Yuan Ao, Chen Guanjie, Xiong Juan, He Wenqing, Rotimi Charles
National Human Genome Center, Howard University, Washington D.C. USA.
J Appl Stat. 2011;38(5):987-1005. doi: 10.1080/02664761003692449.
Gene copy number (GCN) changes are common characteristics of many genetic diseases. Comparative genomic hybridization (CGH) is a new technology widely used today to screen the GCN changes in mutant cells with high resolution genome-wide. Statistical methods for analyzing such CGH data have been evolving. Existing methods are either frequentist's, or full Bayesian. The former often has computational advantage, while the latter can incorporate prior information into the model, but could be misleading when one does not have sound prior information.

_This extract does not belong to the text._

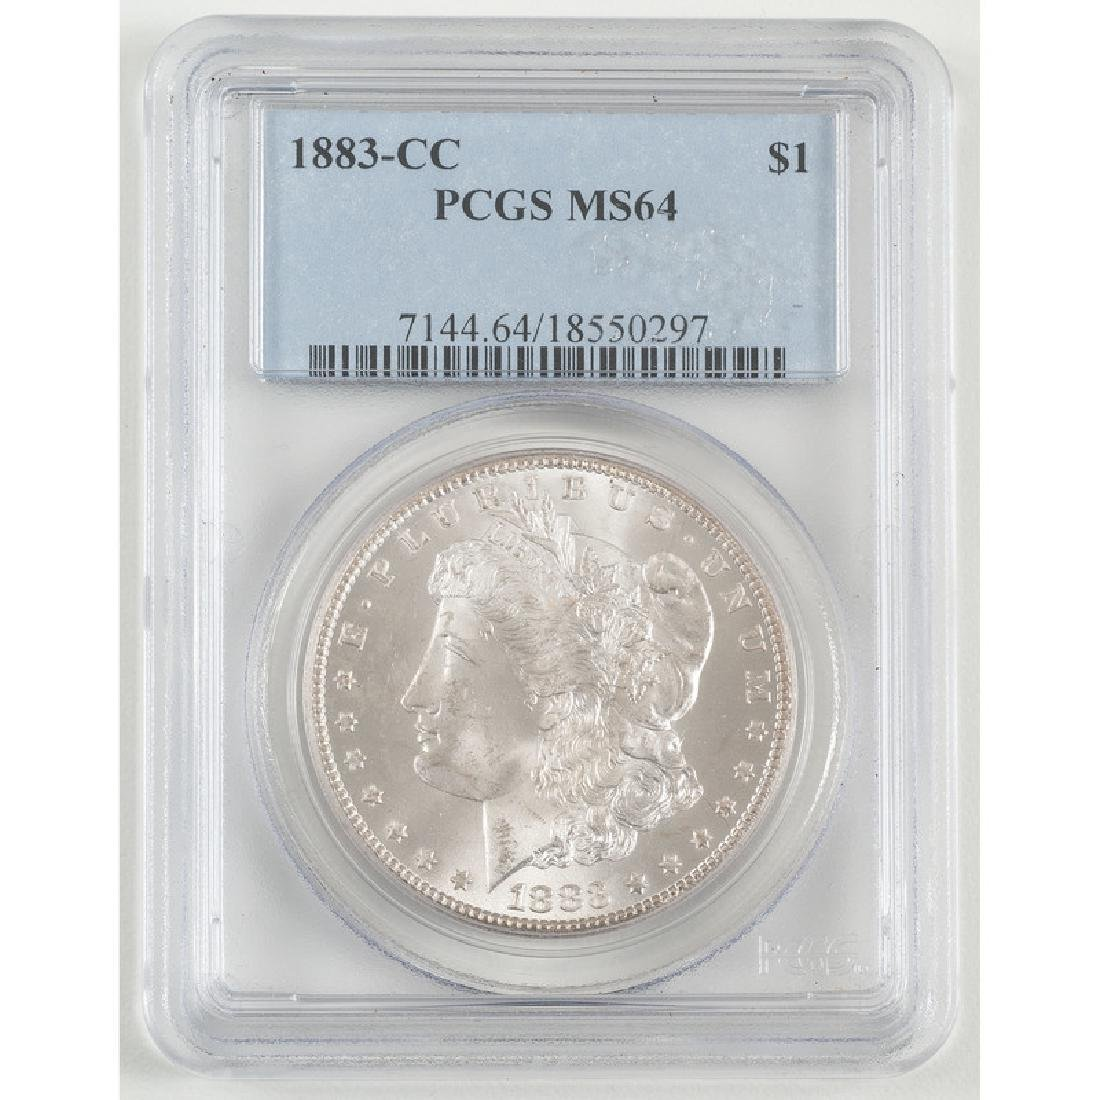 United States Morgan Silver Dollar 1883-CC, PCGS MS64

In an attempt to take full advantages of both approaches, we develop a Bayesian-frequentist hybrid approach, in which a subset of the model parameters is inferred by the Bayesian method, while the rest parameters by the frequentist's. This new hybrid approach provides advantages over those of the Bayesian or frequentist's method used alone. This is especially the case when sound prior information is available on part of the parameters, and the sample size is relatively small. Spatial dependence and false discovery rate are also discussed, and the parameter estimation is efficient. As an illustration, we used the proposed hybrid approach to analyze a real CGH data.
基因拷贝数(GCN)变化是许多遗传疾病的常见特征。比较基因组杂交(CGH)是当今广泛使用的一项新技术,用于在全基因组范围内以高分辨率筛选突变细胞中的GCN变化。分析此类CGH数据的统计方法一直在不断发展。现有方法要么是频率学派的,要么是完全贝叶斯方法。前者通常具有计算优势,而后者可以将先验信息纳入模型,但当没有可靠的先验信息时可能会产生误导。为了充分利用这两种方法的优势,我们开发了一种贝叶斯 - 频率学派混合方法,其中一部分模型参数通过贝叶斯方法推断,而其余参数通过频率学派方法推断。这种新的混合方法比单独使用贝叶斯或频率学派方法具有优势。当部分参数有可靠的先验信息且样本量相对较小时,情况尤其如此。还讨论了空间依赖性和错误发现率,并且参数估计是有效的。作为示例,我们使用所提出的混合方法分析了一个真实的CGH数据。